Bug In iOS, OS X Allows AirDrop To Write Files Anywhere On File System
Trailrunner7 writes: There is a major vulnerability in a library in iOS and OS X that allows an attacker to overwrite arbitrary files on a target device and, when used in conjunction with other techniques, install a signed app that the device will trust without prompting the user with a warning dialog. Mark Dowd, the security researcher who discovered it, said he's been able to exploit the flaw over AirDrop, the feature in OS X and iOS that enables users to send files directly to other devices. If a user has AirDrop set to allow connections from anyone—not just her contacts—an attacker could exploit the vulnerability on a default locked iOS device. In fact, an attacker can exploit the vulnerability even if the victim doesn't agree to accept the file sent over AirDrop.
You know why Linux isn't the amazing success that Slashdotters think it should be? Because it's clear no one has ever interacted with real people, ever. Here, let me paint you a picture, I call it "literally the only time I've ever seen AirDrop used, ever."
You're at a convention. There are people cosplaying. Two cosplayers who don't know each other but are cosplaying characters from the same show meet and do a pose and someone else takes a picture. The picture looks cool and one of the cosplayers says "ooo, send me that picture." Rather than exchange contact information, the picture taker AirDrops the picture onto the cosplayer's phone.

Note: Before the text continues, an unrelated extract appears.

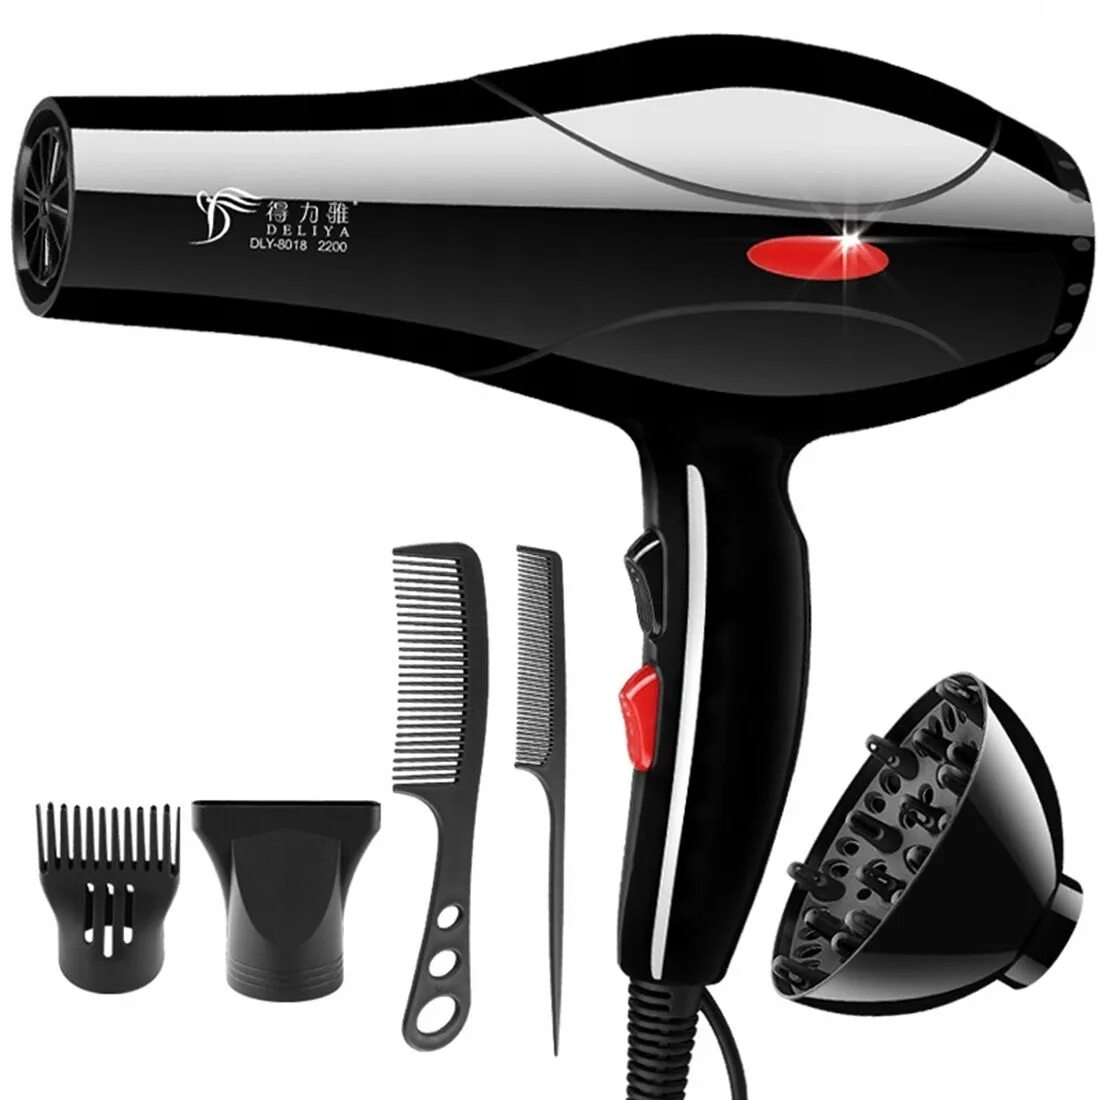 Pro Hairdryer фен для волос. Super hair Dryer фен 2000 Вт. Фен FK-9900. Фены для парикмахеров купить

And there you go, literally the only time I've ever seen anyone use AirDrop - to share a picture they just took with someone they didn't know and didn't want to share contact information with.
AirDrop is only useful when, for whatever reason, you want to share some document of some form with someone you don't know and don't feel like setting up a "proper" channel to. Otherwise there's no reason to use it over email.

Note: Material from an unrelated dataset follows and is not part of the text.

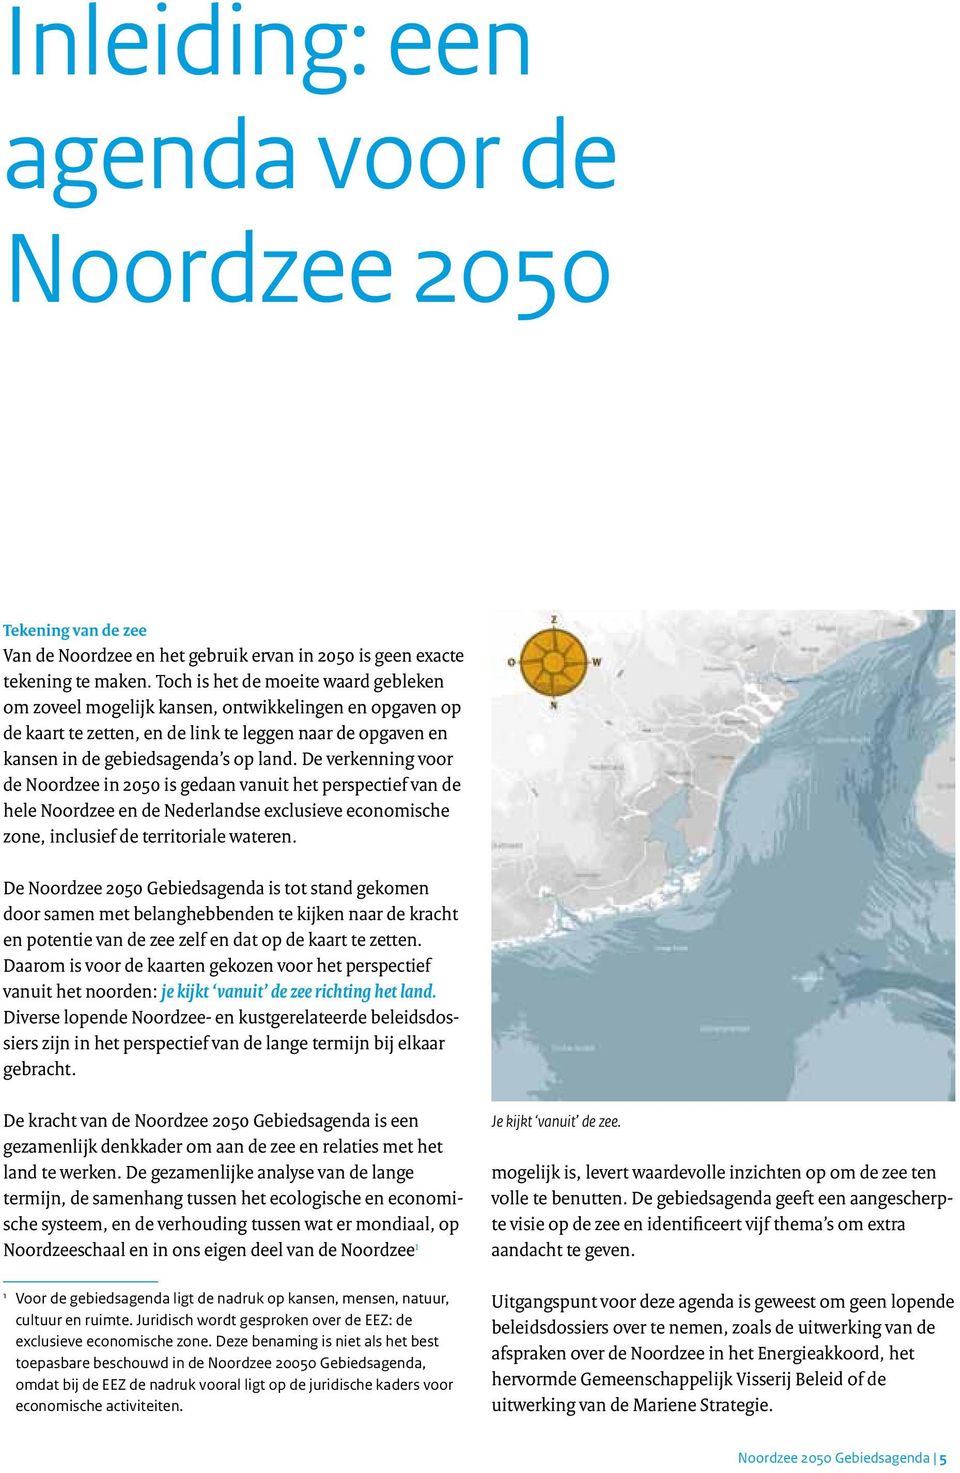 De verkenning voor de Noordzee in 2050 is gedaan vanuit het perspectief van de hele Noordzee en de Nederlandse exclusieve economische zone, inclusief de territoriale wateren.

Given this bug, how can you know that?
If you'd read the article, you'd have seen that the way to bypass the authorization prompt was by "nstalling an enterprise provisioning profile on the device and marking it as trusted."
Sounds to me like AirDrop is superfluous in this case. If my device has an enterprise provisioning profile, I believe that enterprise can already put whatever it wants on it.
So, if anything, this sounds like a sandboxing issue (you can put files in arbitrary locations on the device) rather than an AirDrop issue.